◆ Exercise aim ◆
Using the material below, return exactly the lines between the one holding "Condor Socks Open w/Bow - Black" and the one holding "Casa ZAG / Estudio", inclusive, and no others.

Segment Start: Data extracts

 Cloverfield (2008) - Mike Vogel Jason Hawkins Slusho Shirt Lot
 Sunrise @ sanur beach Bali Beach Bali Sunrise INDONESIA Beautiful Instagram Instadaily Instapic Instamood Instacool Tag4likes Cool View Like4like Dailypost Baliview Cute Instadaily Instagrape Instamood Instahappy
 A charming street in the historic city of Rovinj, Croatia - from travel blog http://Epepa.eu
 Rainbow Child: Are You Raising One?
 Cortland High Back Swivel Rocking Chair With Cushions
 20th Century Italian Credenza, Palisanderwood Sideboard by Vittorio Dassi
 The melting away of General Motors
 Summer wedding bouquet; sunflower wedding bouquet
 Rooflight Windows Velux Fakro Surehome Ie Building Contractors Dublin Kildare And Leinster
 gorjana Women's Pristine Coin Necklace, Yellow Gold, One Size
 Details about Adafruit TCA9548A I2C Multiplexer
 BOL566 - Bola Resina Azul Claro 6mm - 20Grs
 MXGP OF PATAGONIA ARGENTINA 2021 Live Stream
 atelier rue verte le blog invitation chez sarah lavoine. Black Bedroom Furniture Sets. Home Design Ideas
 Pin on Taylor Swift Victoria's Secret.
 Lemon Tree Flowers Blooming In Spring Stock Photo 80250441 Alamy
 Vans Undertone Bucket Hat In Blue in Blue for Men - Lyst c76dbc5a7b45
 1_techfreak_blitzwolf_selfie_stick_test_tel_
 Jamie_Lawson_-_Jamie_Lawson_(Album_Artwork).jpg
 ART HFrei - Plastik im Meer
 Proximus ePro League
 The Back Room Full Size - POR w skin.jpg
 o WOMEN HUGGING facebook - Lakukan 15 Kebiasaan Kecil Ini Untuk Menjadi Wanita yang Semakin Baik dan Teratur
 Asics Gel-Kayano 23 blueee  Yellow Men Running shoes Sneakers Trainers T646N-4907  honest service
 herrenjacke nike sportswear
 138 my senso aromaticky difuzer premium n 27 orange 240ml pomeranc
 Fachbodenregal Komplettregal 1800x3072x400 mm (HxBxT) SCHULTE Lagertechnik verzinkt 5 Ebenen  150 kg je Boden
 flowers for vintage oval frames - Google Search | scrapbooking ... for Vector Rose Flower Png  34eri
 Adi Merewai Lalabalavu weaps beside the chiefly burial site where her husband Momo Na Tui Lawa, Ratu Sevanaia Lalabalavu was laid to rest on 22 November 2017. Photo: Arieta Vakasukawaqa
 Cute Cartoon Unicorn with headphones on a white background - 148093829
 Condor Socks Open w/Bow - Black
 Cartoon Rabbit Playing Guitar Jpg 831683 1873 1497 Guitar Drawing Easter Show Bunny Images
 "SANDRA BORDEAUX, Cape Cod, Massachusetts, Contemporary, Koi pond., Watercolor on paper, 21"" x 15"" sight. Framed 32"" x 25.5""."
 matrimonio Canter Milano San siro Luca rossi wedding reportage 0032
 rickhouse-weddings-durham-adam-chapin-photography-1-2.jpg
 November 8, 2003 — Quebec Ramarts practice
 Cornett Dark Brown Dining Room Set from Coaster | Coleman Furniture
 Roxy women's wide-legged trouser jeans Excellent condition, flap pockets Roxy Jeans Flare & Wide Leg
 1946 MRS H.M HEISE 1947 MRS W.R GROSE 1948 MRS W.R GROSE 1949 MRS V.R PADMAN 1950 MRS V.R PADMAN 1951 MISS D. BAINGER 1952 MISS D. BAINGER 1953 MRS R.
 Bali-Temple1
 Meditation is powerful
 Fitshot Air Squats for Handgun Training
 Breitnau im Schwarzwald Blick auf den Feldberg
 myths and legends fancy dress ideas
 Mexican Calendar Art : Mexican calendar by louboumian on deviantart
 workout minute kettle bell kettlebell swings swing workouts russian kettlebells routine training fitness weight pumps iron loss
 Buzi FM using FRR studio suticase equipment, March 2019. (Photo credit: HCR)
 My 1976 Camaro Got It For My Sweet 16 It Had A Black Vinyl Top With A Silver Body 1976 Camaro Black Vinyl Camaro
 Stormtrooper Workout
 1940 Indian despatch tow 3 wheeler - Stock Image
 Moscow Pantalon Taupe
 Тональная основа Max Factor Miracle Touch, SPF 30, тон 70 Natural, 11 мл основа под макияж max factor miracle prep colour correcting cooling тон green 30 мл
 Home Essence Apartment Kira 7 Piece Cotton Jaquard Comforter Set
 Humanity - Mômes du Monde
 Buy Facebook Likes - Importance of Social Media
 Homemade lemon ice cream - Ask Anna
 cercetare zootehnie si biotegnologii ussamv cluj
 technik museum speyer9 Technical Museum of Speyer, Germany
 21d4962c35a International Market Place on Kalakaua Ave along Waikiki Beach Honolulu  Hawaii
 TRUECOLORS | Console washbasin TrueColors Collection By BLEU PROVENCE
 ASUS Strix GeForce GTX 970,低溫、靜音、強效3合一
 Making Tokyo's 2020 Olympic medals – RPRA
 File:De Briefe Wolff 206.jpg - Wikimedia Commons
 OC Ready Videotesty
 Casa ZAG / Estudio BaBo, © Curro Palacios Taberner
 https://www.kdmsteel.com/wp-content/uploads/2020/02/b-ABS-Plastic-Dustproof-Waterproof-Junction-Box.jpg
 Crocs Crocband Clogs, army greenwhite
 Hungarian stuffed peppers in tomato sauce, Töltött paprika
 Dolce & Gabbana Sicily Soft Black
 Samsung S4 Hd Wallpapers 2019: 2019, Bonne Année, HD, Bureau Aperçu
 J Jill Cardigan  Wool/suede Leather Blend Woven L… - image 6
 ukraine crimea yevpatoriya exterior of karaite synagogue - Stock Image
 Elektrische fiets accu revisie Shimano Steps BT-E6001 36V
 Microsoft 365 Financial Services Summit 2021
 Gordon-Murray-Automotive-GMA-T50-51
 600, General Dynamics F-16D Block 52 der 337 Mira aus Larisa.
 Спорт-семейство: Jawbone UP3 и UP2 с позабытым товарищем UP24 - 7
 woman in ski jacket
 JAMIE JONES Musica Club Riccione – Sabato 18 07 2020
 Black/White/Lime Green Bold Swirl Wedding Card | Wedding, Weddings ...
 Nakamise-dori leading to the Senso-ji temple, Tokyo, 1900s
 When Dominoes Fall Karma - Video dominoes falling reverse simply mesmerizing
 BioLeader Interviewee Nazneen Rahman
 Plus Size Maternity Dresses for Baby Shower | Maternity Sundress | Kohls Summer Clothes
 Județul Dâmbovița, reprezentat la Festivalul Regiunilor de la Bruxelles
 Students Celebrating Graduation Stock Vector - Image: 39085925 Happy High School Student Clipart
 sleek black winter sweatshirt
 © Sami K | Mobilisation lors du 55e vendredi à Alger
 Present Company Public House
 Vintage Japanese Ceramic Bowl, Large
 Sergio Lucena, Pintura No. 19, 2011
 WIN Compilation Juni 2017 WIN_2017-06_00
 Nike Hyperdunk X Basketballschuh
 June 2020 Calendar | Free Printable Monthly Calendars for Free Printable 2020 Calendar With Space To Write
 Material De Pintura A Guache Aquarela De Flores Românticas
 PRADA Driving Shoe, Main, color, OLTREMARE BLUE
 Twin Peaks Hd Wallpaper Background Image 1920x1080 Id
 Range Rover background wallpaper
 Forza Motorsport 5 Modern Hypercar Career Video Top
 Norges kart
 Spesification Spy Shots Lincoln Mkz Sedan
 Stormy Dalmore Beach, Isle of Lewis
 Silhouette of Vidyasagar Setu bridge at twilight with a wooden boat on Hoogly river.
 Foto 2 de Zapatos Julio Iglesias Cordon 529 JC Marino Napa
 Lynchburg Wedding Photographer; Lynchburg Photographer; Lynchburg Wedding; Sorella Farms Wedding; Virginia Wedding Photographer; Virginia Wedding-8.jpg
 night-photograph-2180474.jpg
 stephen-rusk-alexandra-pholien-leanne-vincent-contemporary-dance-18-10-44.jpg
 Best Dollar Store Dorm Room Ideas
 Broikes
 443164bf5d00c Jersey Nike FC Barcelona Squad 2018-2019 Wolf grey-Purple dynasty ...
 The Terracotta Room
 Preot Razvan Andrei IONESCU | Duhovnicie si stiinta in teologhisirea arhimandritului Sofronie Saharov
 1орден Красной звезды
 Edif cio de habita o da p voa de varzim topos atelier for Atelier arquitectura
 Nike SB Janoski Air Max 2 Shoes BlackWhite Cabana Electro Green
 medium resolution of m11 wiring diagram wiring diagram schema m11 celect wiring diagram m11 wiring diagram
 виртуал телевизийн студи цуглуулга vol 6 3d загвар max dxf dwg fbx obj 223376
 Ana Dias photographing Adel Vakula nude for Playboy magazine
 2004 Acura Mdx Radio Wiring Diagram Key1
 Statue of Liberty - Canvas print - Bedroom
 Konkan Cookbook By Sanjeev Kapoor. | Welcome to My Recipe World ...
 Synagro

Segment End: Data extracts

◆ Your solution ◆
 Condor Socks Open w/Bow - Black
 Cartoon Rabbit Playing Guitar Jpg 831683 1873 1497 Guitar Drawing Easter Show Bunny Images
 "SANDRA BORDEAUX, Cape Cod, Massachusetts, Contemporary, Koi pond., Watercolor on paper, 21"" x 15"" sight. Framed 32"" x 25.5""."
 matrimonio Canter Milano San siro Luca rossi wedding reportage 0032
 rickhouse-weddings-durham-adam-chapin-photography-1-2.jpg
 November 8, 2003 — Quebec Ramarts practice
 Cornett Dark Brown Dining Room Set from Coaster | Coleman Furniture
 Roxy women's wide-legged trouser jeans Excellent condition, flap pockets Roxy Jeans Flare & Wide Leg
 1946 MRS H.M HEISE 1947 MRS W.R GROSE 1948 MRS W.R GROSE 1949 MRS V.R PADMAN 1950 MRS V.R PADMAN 1951 MISS D. BAINGER 1952 MISS D. BAINGER 1953 MRS R.
 Bali-Temple1
 Meditation is powerful
 Fitshot Air Squats for Handgun Training
 Breitnau im Schwarzwald Blick auf den Feldberg
 myths and legends fancy dress ideas
 Mexican Calendar Art : Mexican calendar by louboumian on deviantart
 workout minute kettle bell kettlebell swings swing workouts russian kettlebells routine training fitness weight pumps iron loss
 Buzi FM using FRR studio suticase equipment, March 2019. (Photo credit: HCR)
 My 1976 Camaro Got It For My Sweet 16 It Had A Black Vinyl Top With A Silver Body 1976 Camaro Black Vinyl Camaro
 Stormtrooper Workout
 1940 Indian despatch tow 3 wheeler - Stock Image
 Moscow Pantalon Taupe
 Тональная основа Max Factor Miracle Touch, SPF 30, тон 70 Natural, 11 мл основа под макияж max factor miracle prep colour correcting cooling тон green 30 мл
 Home Essence Apartment Kira 7 Piece Cotton Jaquard Comforter Set
 Humanity - Mômes du Monde
 Buy Facebook Likes - Importance of Social Media
 Homemade lemon ice cream - Ask Anna
 cercetare zootehnie si biotegnologii ussamv cluj
 technik museum speyer9 Technical Museum of Speyer, Germany
 21d4962c35a International Market Place on Kalakaua Ave along Waikiki Beach Honolulu  Hawaii
 TRUECOLORS | Console washbasin TrueColors Collection By BLEU PROVENCE
 ASUS Strix GeForce GTX 970,低溫、靜音、強效3合一
 Making Tokyo's 2020 Olympic medals – RPRA
 File:De Briefe Wolff 206.jpg - Wikimedia Commons
 OC Ready Videotesty
 Casa ZAG / Estudio BaBo, © Curro Palacios Taberner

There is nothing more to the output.